How do you prepare a dog for something like 9/11?

OTTO: That's a really good question. And I think that by giving them as much opportunity as possible is going to be a big thing. I think that the dogs were remarkably resilient at 9/11, and I think it's preparing the team is something that we really need to think about, because it was much harder on the people than it was on the dogs.

GROSS: Were the dogs not afraid? Did the dogs not sense that just an unspeakable tragedy had taken place, that there was suffering all around - both emotional and physical, that there were dead people in the remains, that everybody was in a state of shock and despair?

OTTO: Well, Terry, I think there's a couple of things there. One, they knew that their handler was really upset. They knew that something was wrong with their person, and that they understood. They don't really care about dead bodies around them. It's not an emotional connection for them. And what we saw was that the emotions of their handler were more likely to influence them and the environment around them.

I think the other thing that really was difficult there was the degree and intensity of work, and that's really hard to prepare for because usually when we train or when, you know, the police dogs are working, the border patrol is working, they're working, you know, for a half an hour and then they are taking time off.

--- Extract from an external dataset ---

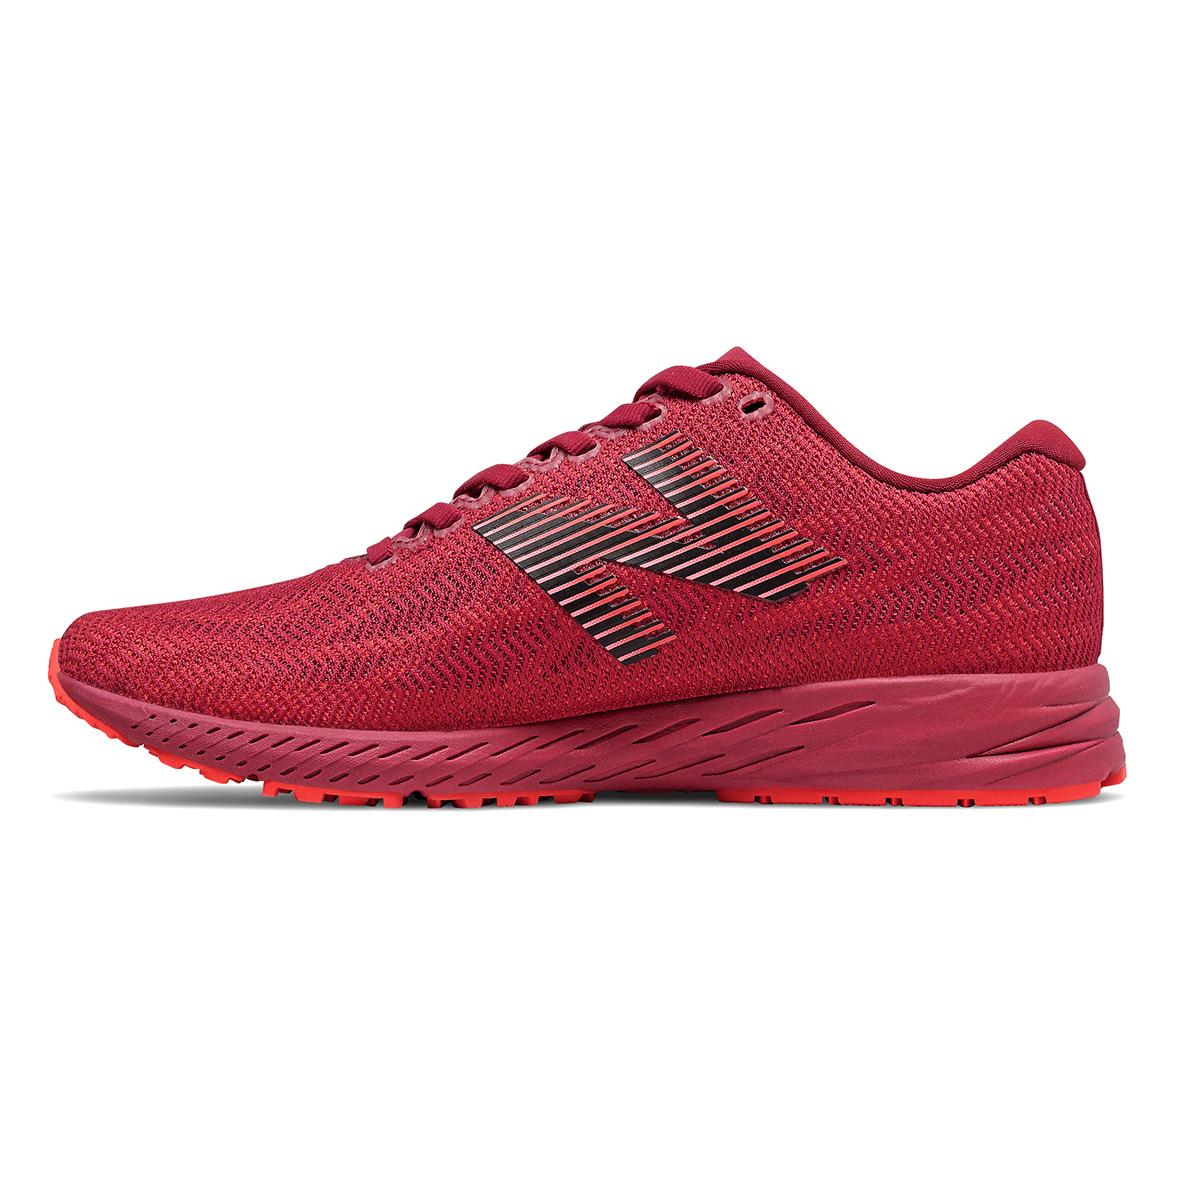 Women's New Balance 1400V6 Running Shoe - Color: Neo Crimson - Size: 5 - Width: Regular, Neo Crimson, large, image 4

And, you know, or they're in the patrol car waiting for something to happen. Same with the search and rescues dogs, they might train on the weekend, and they'll, you know, it's their turn for 20 minutes of searching and then they are kind of resting or doing something else. So this constant - these 12, 16 hour days that these dogs were being asked to work and some of the dogs weren't given the time to rest and the time to recover. And you can look at some of the photographs and there were dogs in very uncomfortable places because they were exhausted - but same as the people.

(SOUNDBITE OF BRETAGNE BARKING)

OTTO: And so that's one of the things that we hope to look at in the future, as well, is how do we build that team, not just the dogs. Because we can have the best dog, but if we don't have the team and have the tools for that person to work effectively with the dog we haven't done our job.

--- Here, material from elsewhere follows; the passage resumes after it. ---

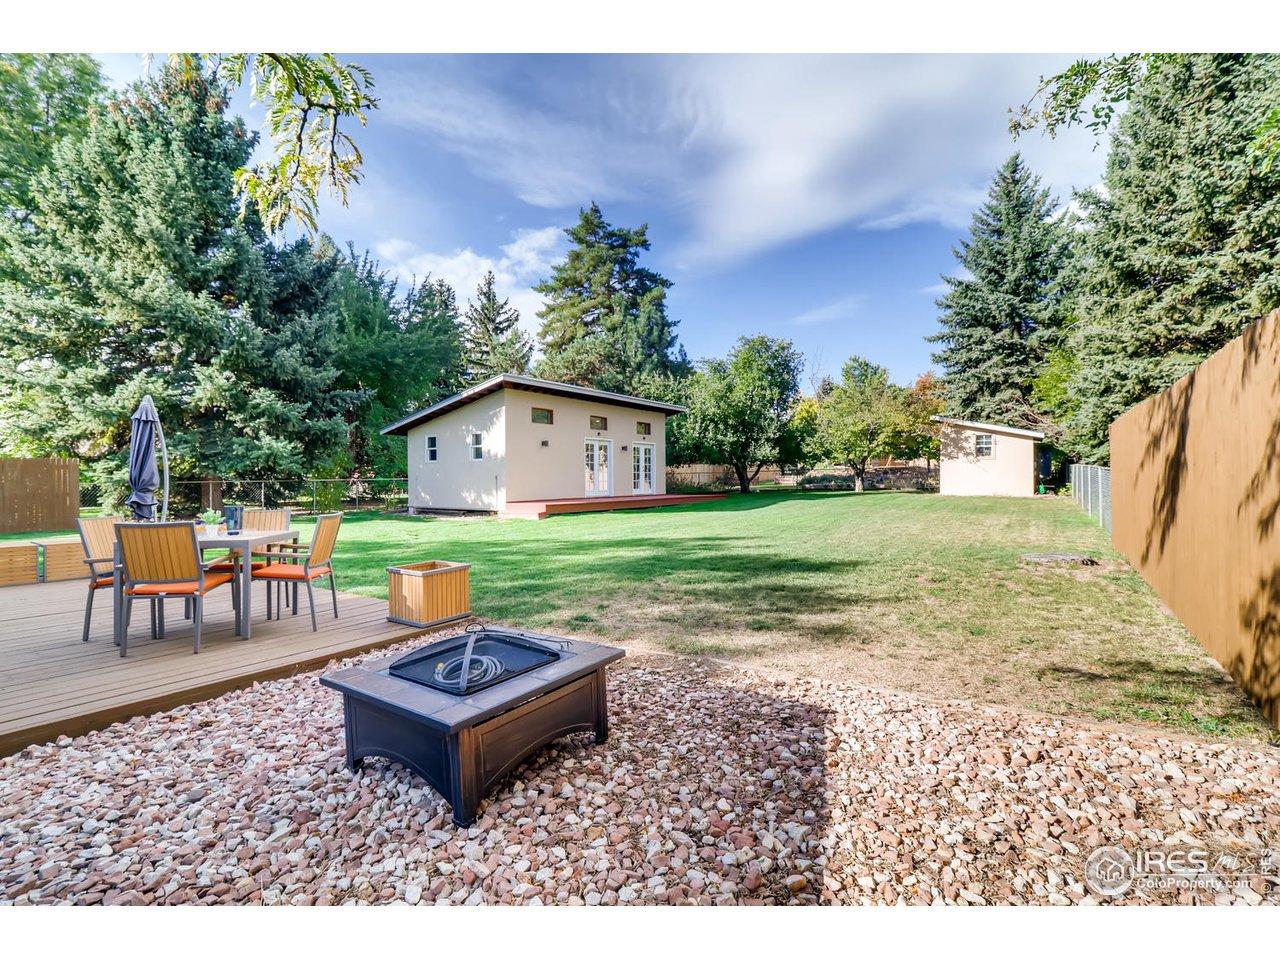 Backyard oasis - 12,981 sq ft lot

GROSS: Dr. Cynthia Otto, one of the things you did in the aftermath of 9/11 was study happened to the approximately 300 dogs who were working as search dogs during - as detection dogs - during that period at Ground Zero. And you wanted to know, like, did they get sick, did they die of cancer, what could you do to help dogs in the future, what could you do to help those dogs? And you found, shockingly, that the dogs who were at Ground Zero weren't, really, any worse off, health-wise, than dogs who weren't in the control group. And it's not what you expected because the dogs weren't wearing, you know, like facemasks like the humans working there were. They didn't have the same kind of, you know, body protection, they didn't have heavy boots to protect themselves from the ground and all the toxins on the ground.

OTTO: Yeah. It was really amazing, because being there in the midst of it and watching this it was very clear before I left that we have to follow these dogs. We had to know what the effects of this experience were both physically, but also behaviorally. So we have been following their behavioral responses as well and those dogs are incredibly resilient, both physically and behaviorally.

And Bretagne here is actually named after one of our still surviving 9/11 responders - a golden retriever from Texas. And the thing that we found that was really encouraging is that these dogs seem to live longer and healthier lives than your average dog that we see in our hospital at the University of Pennsylvania. So I have a theory that I would love to explore, as well. If the physical activity and the fitness and the mental stimulation and just the joy of life that these dogs have, because they're doing something so great and have such a great bond with their handlers, if that doesn't enhance, not only the quality of life, but their longevity.

GROSS: Well, that's interesting because you're saying just as people need meaning in life, it might be helpful for a dog to have - to find some meaning in life?

OTTO: That is something that I believe. And I love training dogs, even pet dogs, to do fun things, to do tricks, to interact, to build that bond because it, it just enriches our relationship with our dogs, it enriches their lives, it gives them something to do, it really engages their brains - which, you know, is part of that quality of life.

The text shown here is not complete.